Dimensions Sheet: 7 7/8 × 10 5/16 in. (20 × 26.2 cm) Plate: 5 1/8 × 11 13/16 in. (13 × 30 cm) Overall: 8 1/4 × 10 5/8 in. (21 × 27 cm)

Curator: Here we have an engraving by Cornelis Bos, a page from "Targhe ed altri ornati di varie e capricciose invenzioni," a series of cartouches dating from 1540 to 1560. Editor: My first impression is that it’s so intricate, yet strangely muted. The geometric frame overwhelms the little scene within. It’s like a stage set, but the drama's happening backstage, obscured. Curator: Absolutely. Consider the context. Cartouches were used to frame inscriptions, coats of arms, all sorts of declarations of power. This, though, this is part of a book. Who controlled its dissemination and use? How did that intersect with gendered notions of knowledge and authority in the Renaissance? Editor: That geometric frame certainly asserts a kind of authority—all those crisp lines, symmetrical shapes. It’s like a visual language of order, meant to contain and control meaning. Curator: Precisely!
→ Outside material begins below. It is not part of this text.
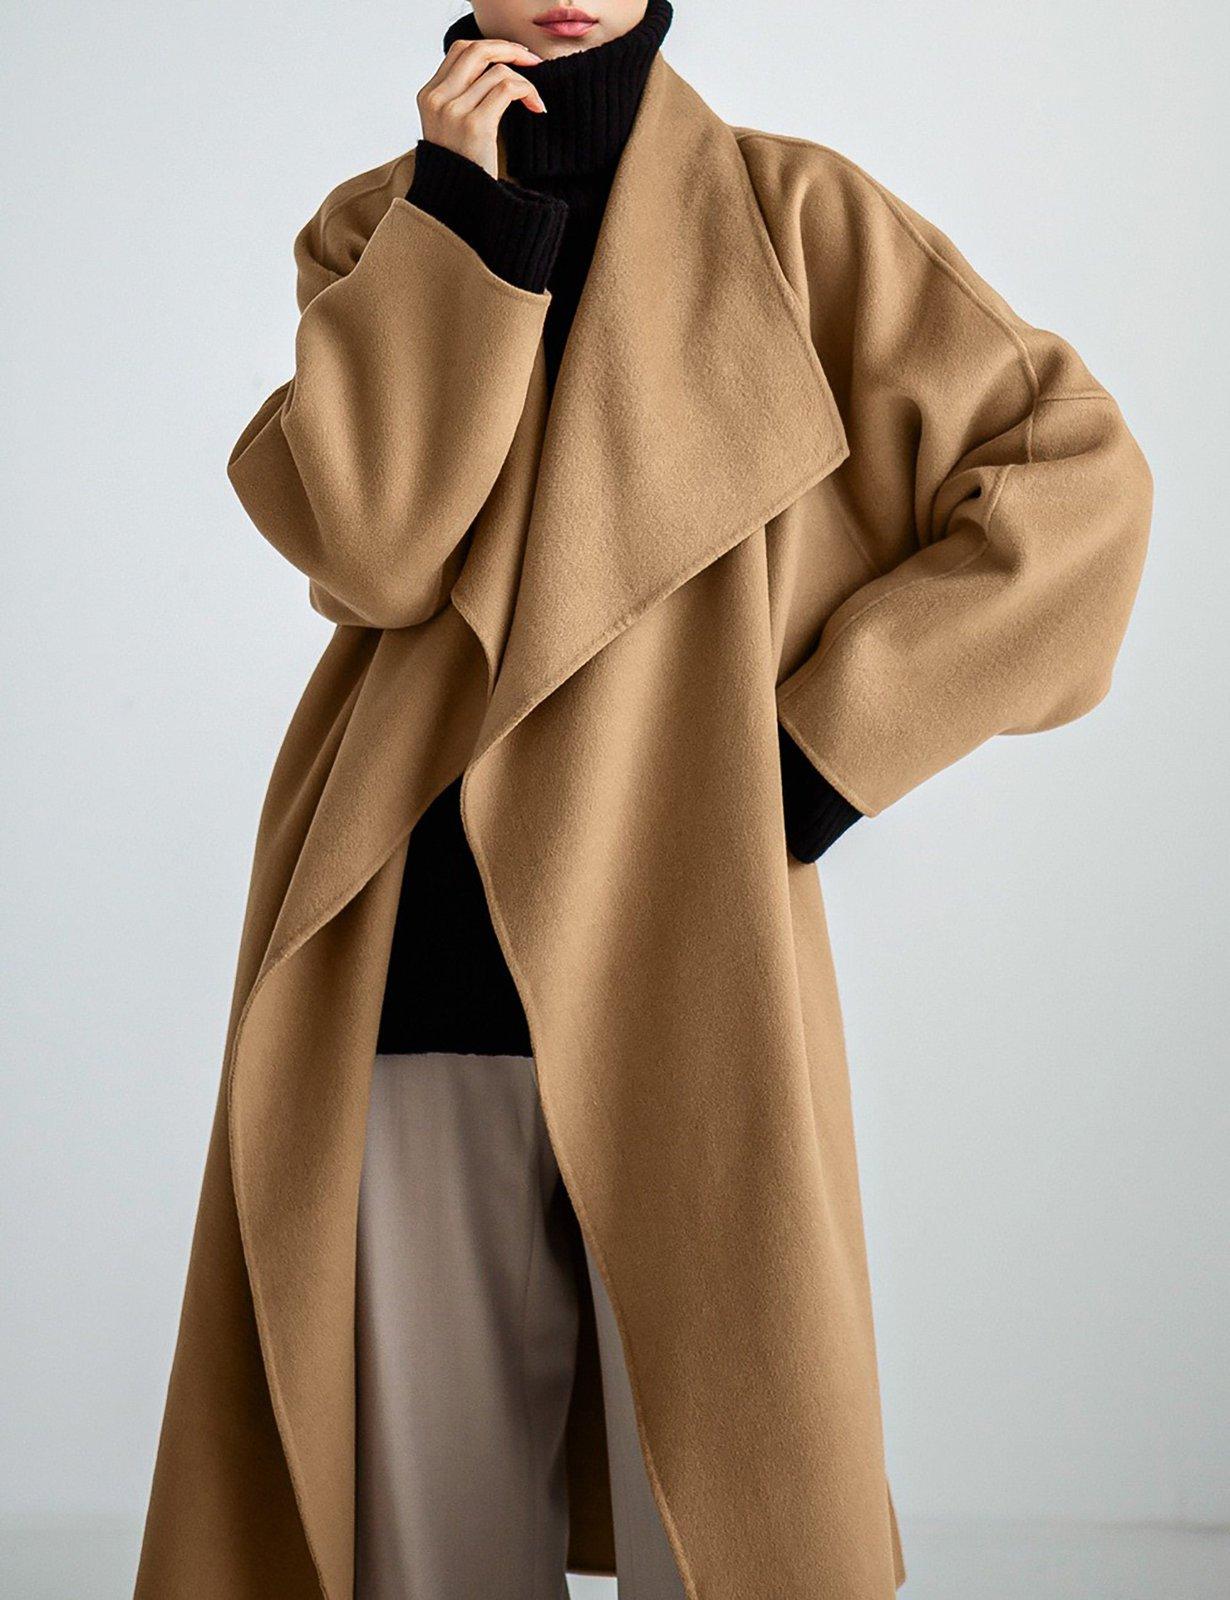 Norwegian Wool Women's Wool-Blend Down Hooded Wrap Coat - Camel - Size Large

And the imagery itself – that tiny scene looks like a battlefield or perhaps some mythic struggle. How might the viewer have understood that kind of iconography at that specific moment in the mid-16th century? Editor: These forms harken back to classical motifs. Think about triumphal arches, the visual vocabulary of Roman conquest and imperial power. But there’s also something playful in those curved flourishes—a tension between rigid structure and fanciful ornamentation. It speaks of that moment when established symbols meet creative expression. Curator: I'm struck by the interplay between public display and intimate consumption through prints and drawing. Bos takes the very form used for grand declarations and makes it portable. This democratizing force raises interesting questions. Who was empowered by owning or encountering such imagery? How might such items intersect with debates about the role of women or the access to new technologies and methods of learning? Editor: Thinking about these symbols, they represent stability but there is clearly something tempestuous at the heart of this image, those figures in motion suggesting anything but tranquility. It suggests both control and chaos existing at once, which makes it strangely contemporary! Curator: It reminds us that seemingly innocuous ornamental forms were deeply enmeshed with questions of power, knowledge, and identity. Editor: And that images, however small, continue to echo through time, carrying their weight.